There were a few chants of “Ali!” as the cars left, but most were quiet and reverent as the champ went by.
Seventeen cars make up the procession, including the hearse carrying Ali.
After the procession, which is expected to take about 90 minutes, Ali’s body will be buried in a private ceremony at Cave Hill Cemetery in Louisville.
In keeping with Islamic tradition, “Ali” will be the single word inscribed on the headstone for the boxing superstar, Gunnell said.
Former heavyweight champion Mike Tyson was added to serve as a pallbearer for Muhammad Ali.
He had to take a red-eye flight from Las Vegas to be in Louisville on Friday, according to Ali family spokesman Bob Gunnell.
Gunnell said Tyson wasn’t sure whether he would attend the service because of a prior commitment.
He said Tyson was highly emotional when he learned of Ali’s death and wasn’t sure whether he could handle the emotions of Ali’s memorial.
Other pallbearers include former heavyweight champion Lennox Lewis, actor Will Smith and members of Ali’s family.
Ali’s cherry-red casket, draped in an Islamic shroud, was loaded into a hearse and the pallbearers left the funeral home in a double file.
Ali’s nine children, his wife, two of his ex-wives and other family members joined the motorcade.
A public memorial service for Ali will be held at the KFC Yum! Center at 2 p.m. ET Friday.
Speakers expected for the memorial service include former President Bill Clinton, actor Billy Crystal, journalist Bryant Gumbel, Ali’s daughter Maryum Ali and representatives from multiple faiths.
President Barack Obama was unable to make the trip because his daughter Malia is graduating from high school.
Valerie Jarrett, a senior White House adviser, planned to read a letter Obama wrote to Ali’s family at the service.

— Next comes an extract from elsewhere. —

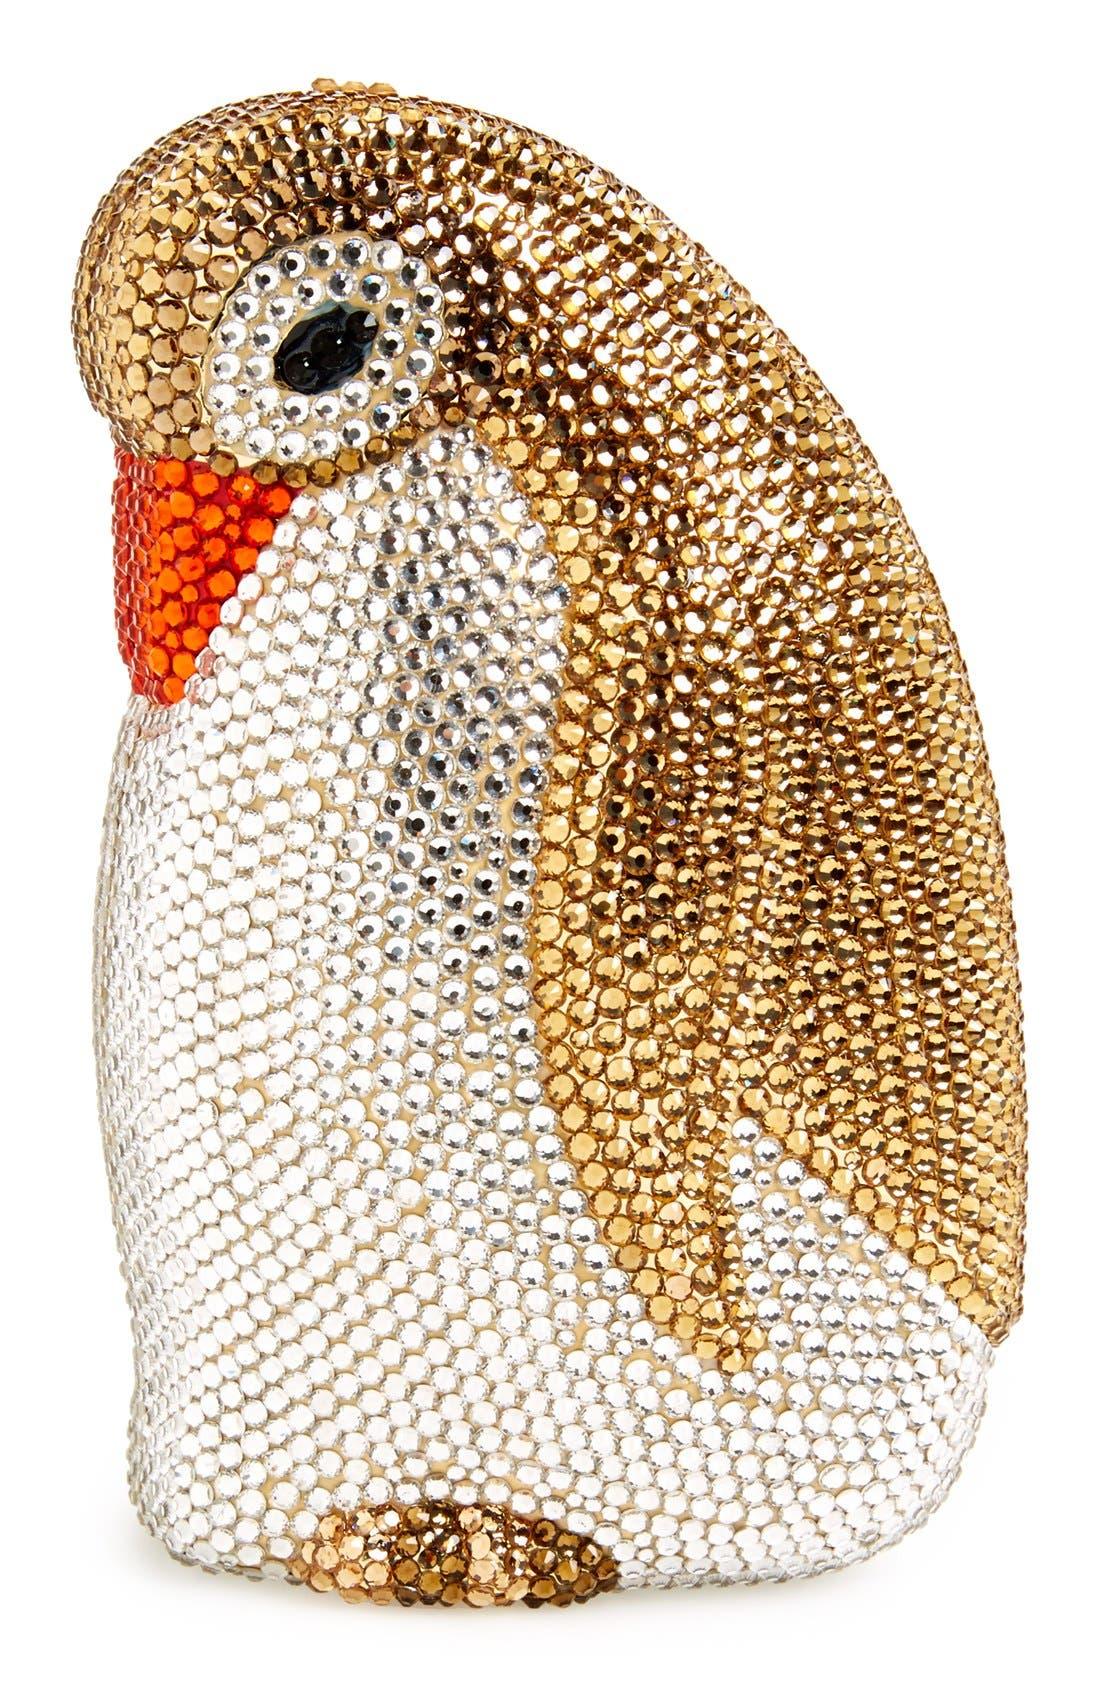 Main Image - Natasha Couture 'Penny The Penguin' Crystal Clutch

About 300 celebrities and dignitaries will be among the 15,500 in the crowd, Gunnell said.
Turkish President Recep Tayyip Erdogan left the United States prior to the memorial service.
He and Jordan’s King Abdullah were scheduled to speak at the funeral but lost their spots when other speakers were added later.
On Thursday, the Jenazah, a traditional Muslim funeral prayer service, was held at Freedom Hall in Louisville.
About 6,000 people were scanned in for the service of the 15,000 tickets that were distributed, according to Kentucky State Fair Board spokeswoman Amanda L. Storment.
After the public prayer service, Ali’s family observed a private funeral.
Ali, a three-time heavyweight champion, died June 3 in the Phoenix area at age 74.
He designed the two-day memorial in exacting detail years before his death.